The policy, Administrative Procedure 7210, states that full-time faculty may only teach up to 21 units in the fall and spring semesters, but this limit had not been enforced with faculty members teaching up to 33 units per semester. Eskandari-Qajar started the petition after a contentious discussion over the policy at the Academic Senate’s Oct. 24 meeting in which none of the senators appeared to be in favor of it.

Academic Senate President Patricia Stark said at the senate’s Nov. 14 meeting that she is opposed to the petition because the wording keeps changing and some of the requests in the petition, such as a proposal to remove the limit entirely, are not possible.

In a presentation to the senate, Stark said that the teaching limits in the policy are very similar to the limits that 13 other community colleges comparable to City College have. She added that she had requested the state Academic Senate’s assistance in determining whether or not to involve the college’s faculty union, the Faculty Association, to negotiate the dispute the policy has created.

Although the teaching limit is currently determined by the policy, the Faculty Association reserves the right to make the limit a contract-negotiated item.

The service Stark requested from the state’s Academic Senate would cost the college $1,000 per visit. It is used to assist colleges in determining how to best implement regulations and negotiate them between college members.

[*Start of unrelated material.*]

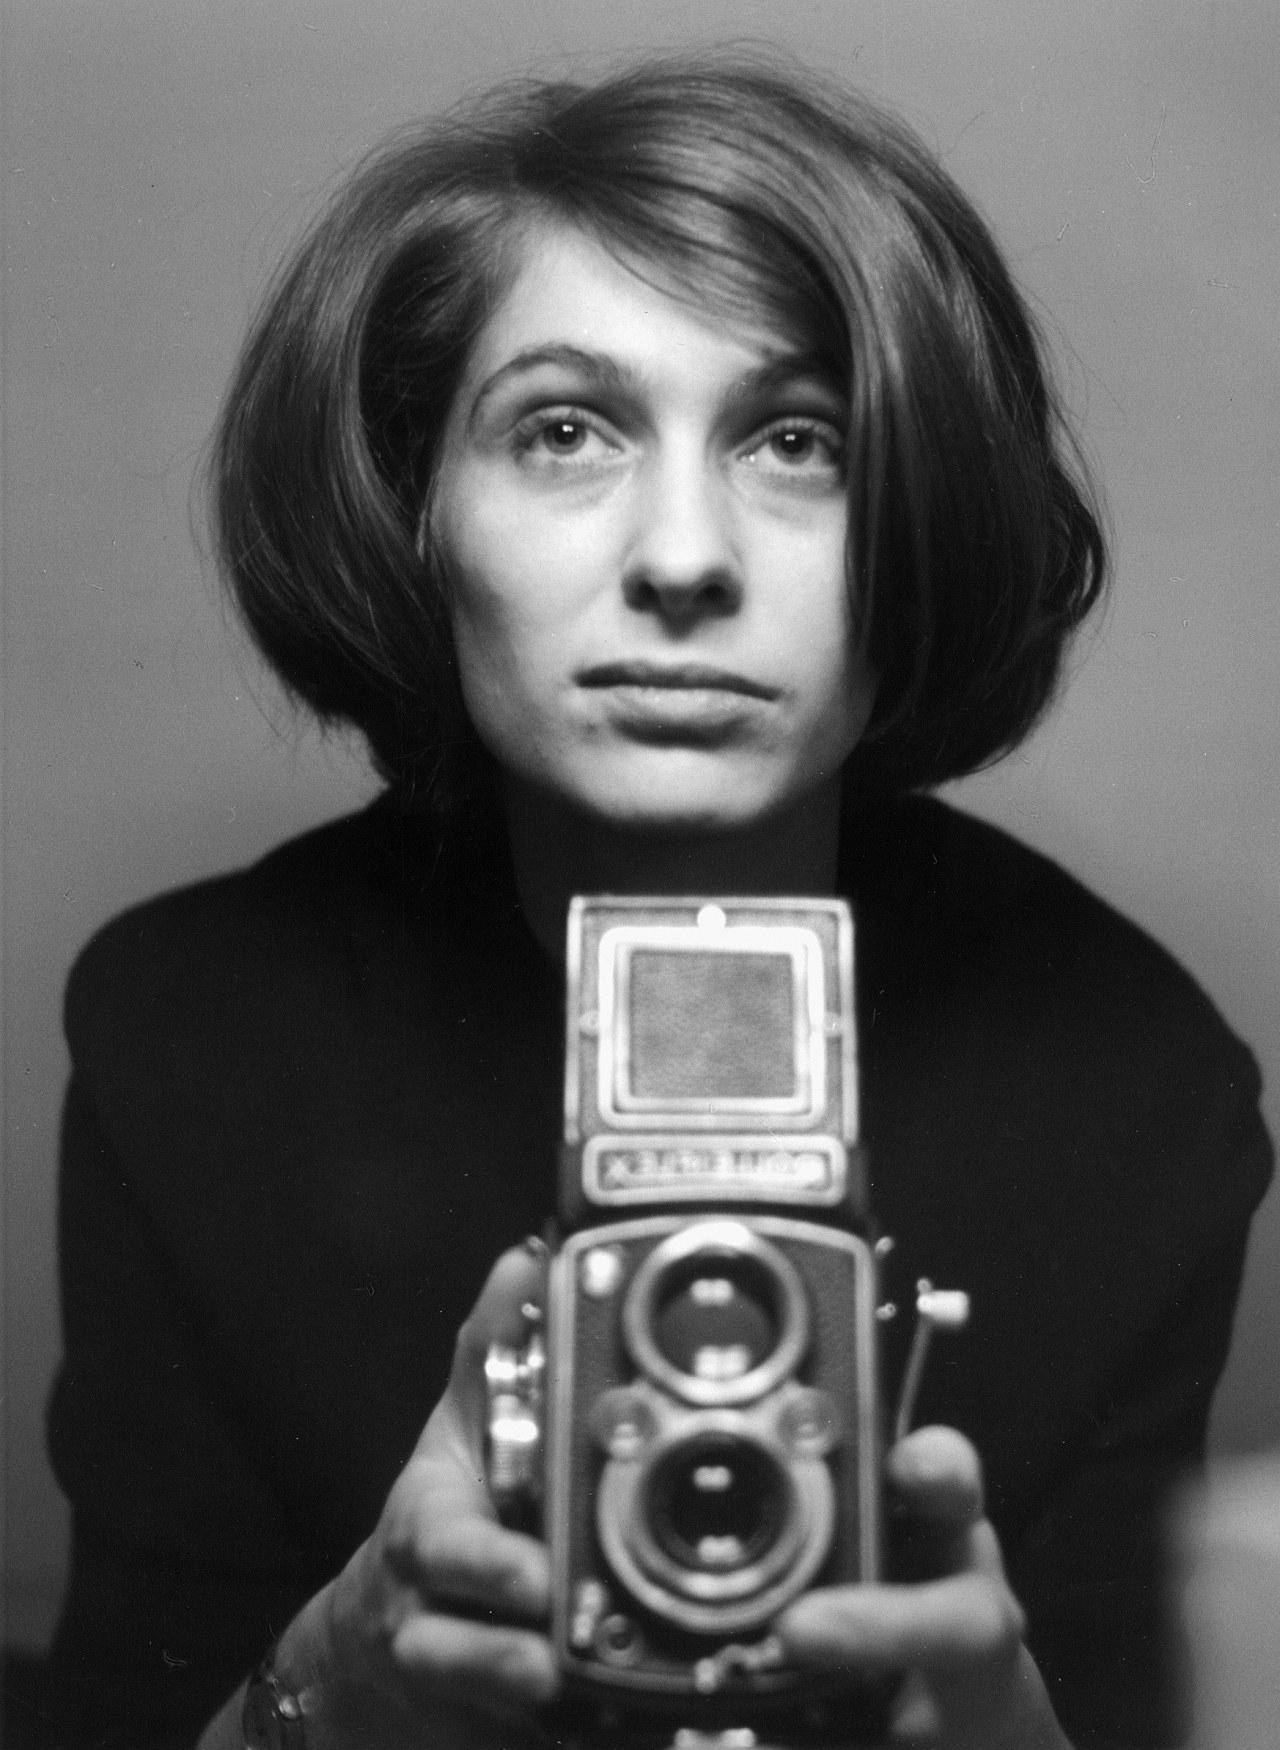 Die Frau mit der Kamera - Abisag Tüllmann - Bild 1

One part of the policy that had not been discussed until that meeting was about stipends given to faculty for holding certain positions such as a department chair, faculty lab coordinator or coach. If a faculty member is receiving a stipend equivalent of six teaching units for being in one of those positions, Stark said, they should be teaching only 15 units to not go over the 21 unit limit.

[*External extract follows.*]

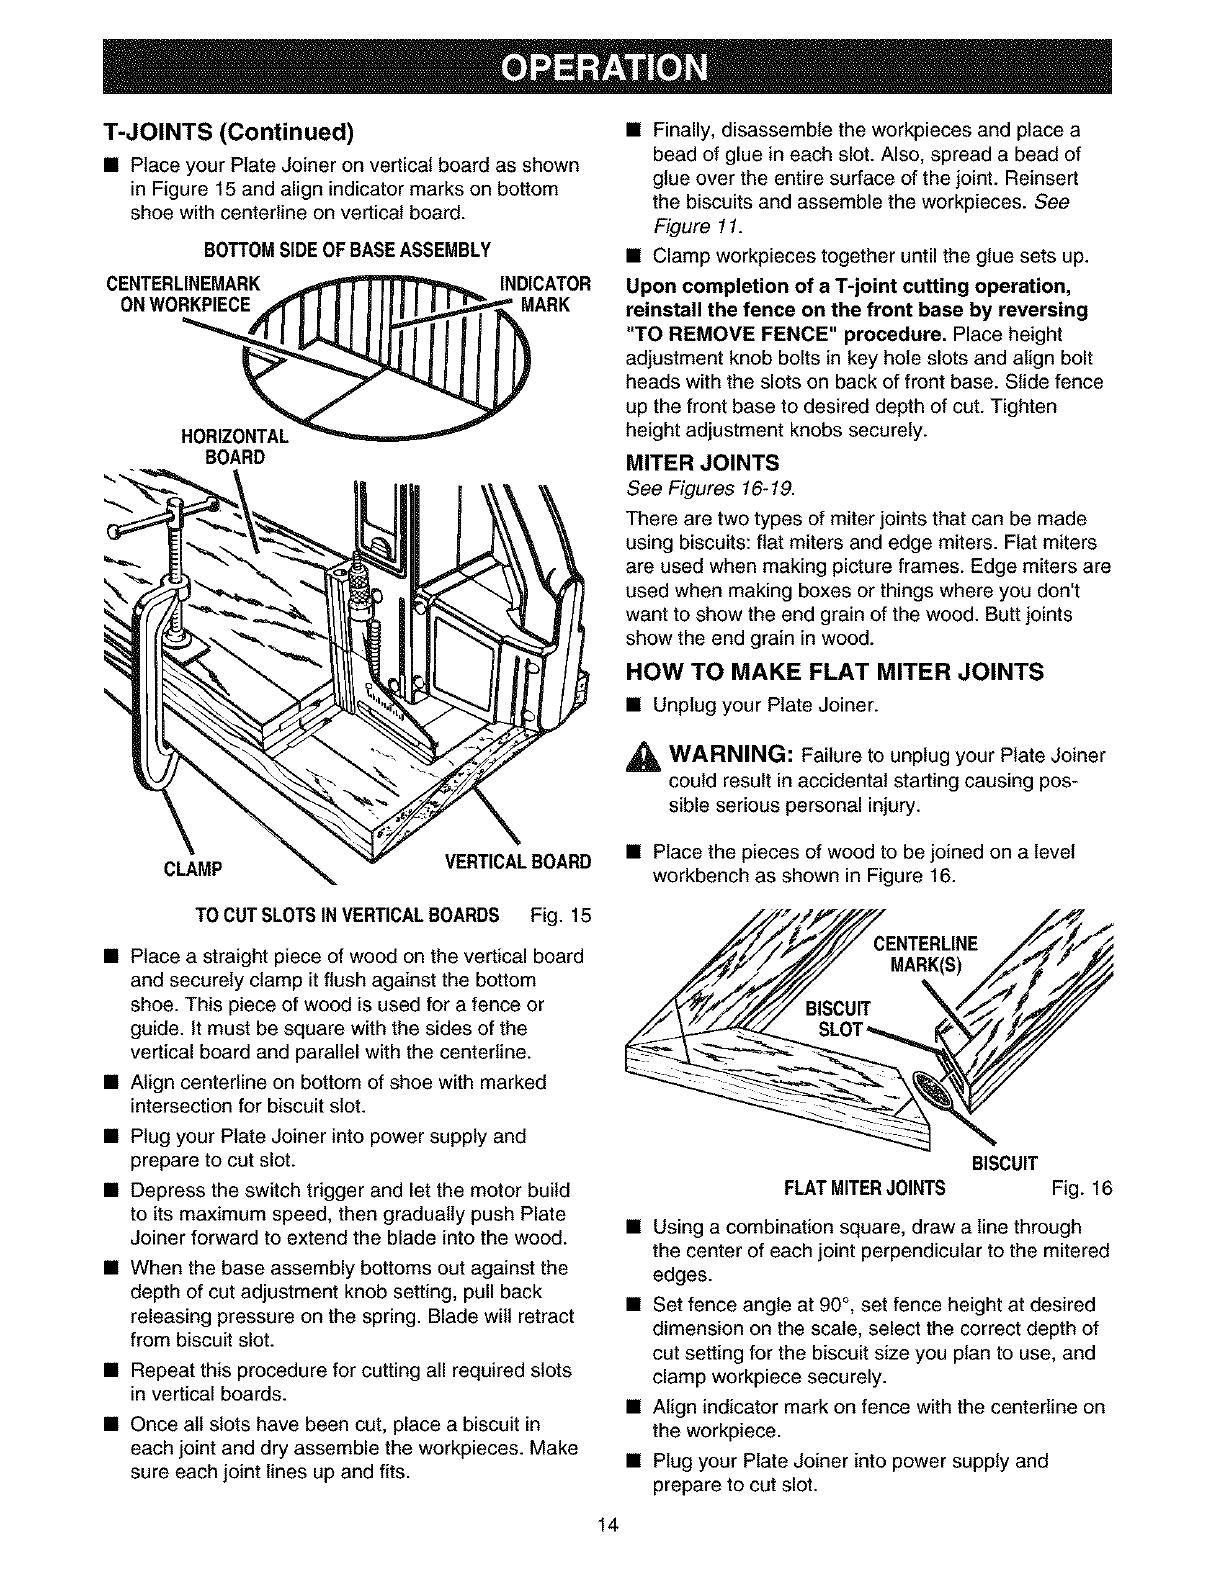 Transform Plate Boundaries Manual Guide

The policy was first discussed this semester on Oct. 24 after interim Executive Vice President Pamela Ralston asked the senate to consider exceptions to the policy in a memo Oct. 4. Senators brainstormed possible exceptions to the policy such as extreme student demand, death of a full time faculty member and if the credit amount for a single class is inconsistent with the limit.

Ralston said she encourages people to read the policy in its entirety and the administration is considering whether the teaching limit should be changed.

“I think we’re looking for spaces of consensus and compromise, kind of working together to find our way through,” Ralston said.